El último dejavú, ya lo es: el detonante de este texto. Vuelvo a Buenos Aires, la ciudad donde nací, y veo colgada esta foto, Manal versión SXXI, Manal versión 2016, y me alegra al alma. Claudio, Javier y el Negro Medina están vivos, ¡y vayan que lo están! ¡Siguen tocando juntos!
Gabis, con su misma cara de siempre: niño bonito del mejor sonido del mundo.
El negro Medina es Gardel: no envejece nunca y ahora se parece a Lautaro o a Cafulcurá o a cualquier indio rebelde, que la historia olvida, pero nosotros, no. Jamás.
Javier ha cambiado, radicalmente: está grueso, pelado, pero yo sé, que en el fondo de su corazón, sigue siendo el mismo Javier Martínez, ese que compuso Jugo de tomate, himno generacional, del aguante y la resistencia cultural.
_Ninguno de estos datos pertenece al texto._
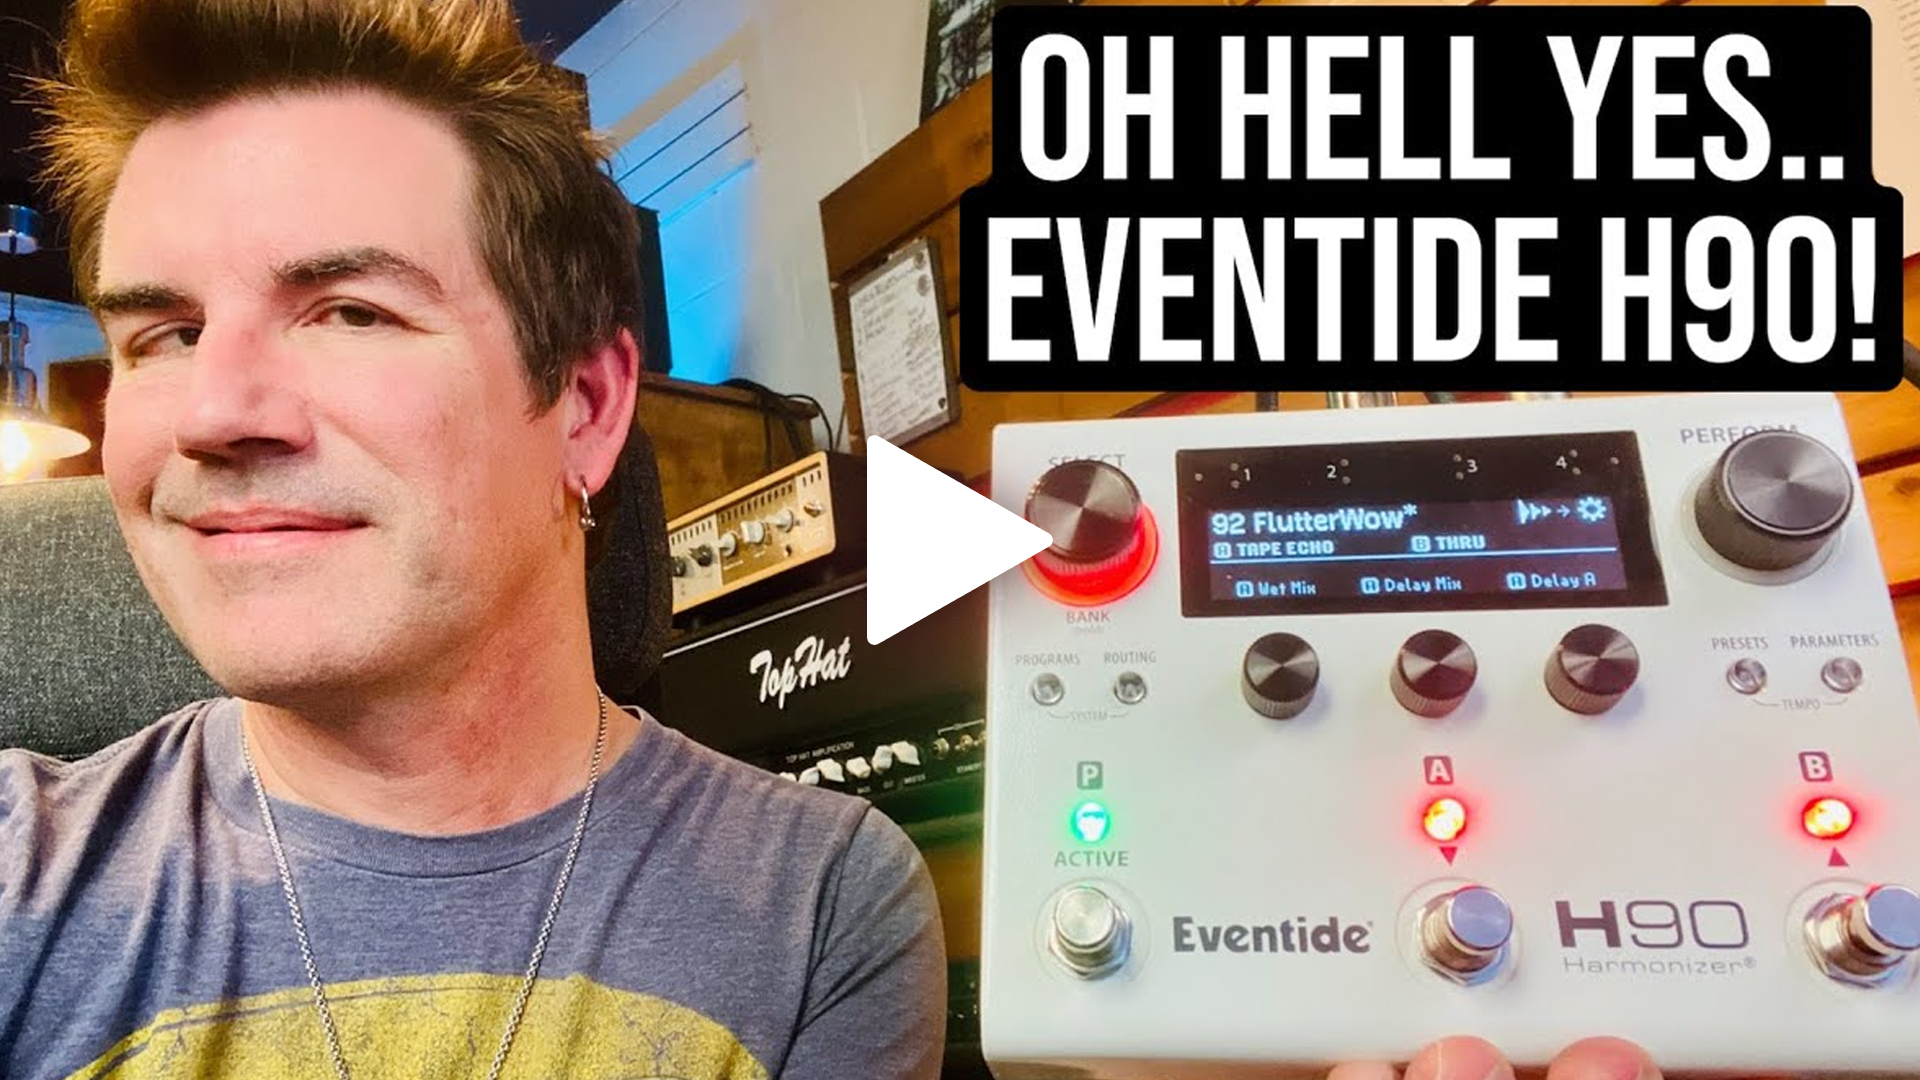 EVENTIDE H90! A MONSTER GUITAR PEDAL...

Es pura devoción lo que escribo. Amo a estos tipos como se ama al viento. Ellos me brindaron algo intangible pero que no puede compararse con nada: me dieron ganas de vivir en medio del desasosiego, me dieron ganas de existir en medio del vacío más profundo, la negación más perversa de todas. Si no hubiéramos crecido cantando con Marcos los blues que cantábamos en medio de la dictadura, ¿qué seríamos ahora?
El viento, la música, son invisibles. Pero tienen mucha alegría, demasiada potencia: son toda la fuerza que necesitábamos para ser nosotros mismos. Gracias Manal. Gracias, compañeros: ustedes pusieron la música. Nosotros, escuchándolos, pusimos también la vida.